Madison County

Plant that will destroy 523 tons of chemical weapons in Madison County is finished

Jeff Brubaker, site project manager for the plant that will destroy chemical weapons, stood near equipment that will separate the warhead containing nerve agent from the rocket propellant. Brubaker led a tour Tuesday of the finished plant. Photo by Greg Kocher | Staff
Jeff Brubaker, site project manager for the plant that will destroy chemical weapons, stood near equipment that will separate the warhead containing nerve agent from the rocket propellant. Brubaker led a tour Tuesday of the finished plant. Photo by Greg Kocher | Staff

RICHMOND — The plant that will destroy 523 tons of chemical weapons in Madison County is finished, so officials on Tuesday gave a tour to the media.

"This represents a significant milestone," said Jeff Brubaker, site project manager.

Construction was substantially finished in July, but between then and now another 900 items of minor finish-up work had to be completed, Brubaker said.

"We're talking about miscellaneous painting, putting stenciling on piping, things like that," Brubaker said.

The plant represents an investment of $1.5 billion. But its design, construction, operation and closing will mean a total "life cycle" investment of $5.3 billion.

The site is a lot quieter now than it was last year, when it employed a peak of more than 1,600 people. That will drop to 842 this week as the last 45 "craft" or construction laborers finish up and leave the site on Thursday.

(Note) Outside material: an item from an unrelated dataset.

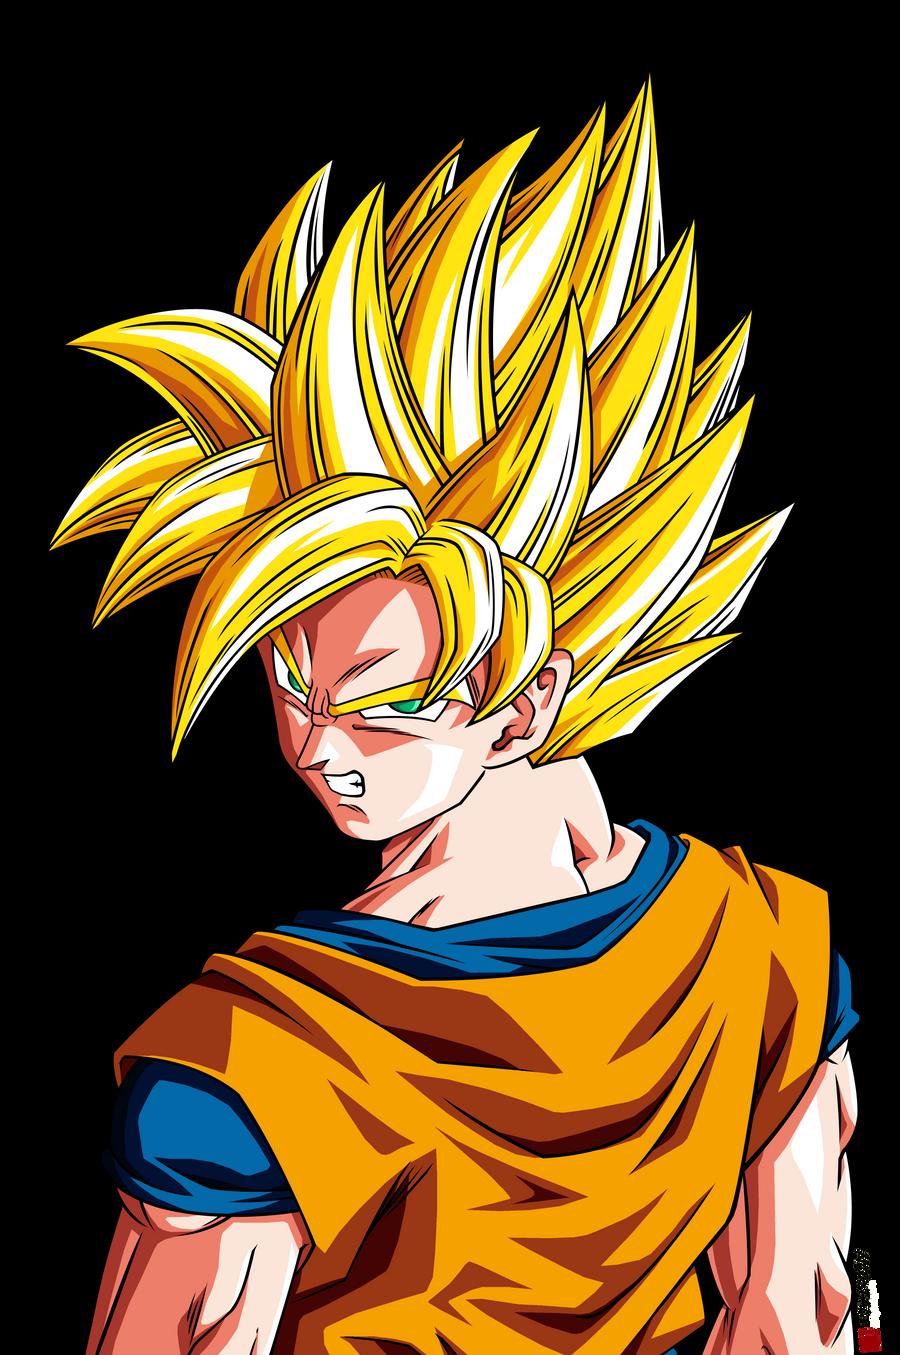 Son Goku ssj  Raging Blast HD by Nostal on DeviantArt

The plant will employ more than 1,000 when it begins the neutralization and destruction of weapons in 2020. The final weapons at the Blue Grass Army Depot are scheduled to be destroyed in 2023.

Before the destruction of VX and GB nerve agents can begin, the plant's various systems will go through rigorous and repeated testing. Some equipment will go through 10,000 practice rounds before the actual destruction begins.

Destruction of mustard or blister agent is scheduled to begin in 2017 in a separate facility on the same property as the plant. The mustard rounds will be destroyed in a "static detonation chamber."

The mustard projectiles have to destroyed separately because X-rays revealed in 2011 that the agent inside had solidified and would make it difficult using the main plant's automated systems.

Federal law requires that any part of the facility that has been touched by chemical agent must be destroyed. But a citizens' committee is investigating whether the plant could have other future uses once the weapons are gone.

Any decision to reuse the plant would have to be agreed upon by the state and Army officials.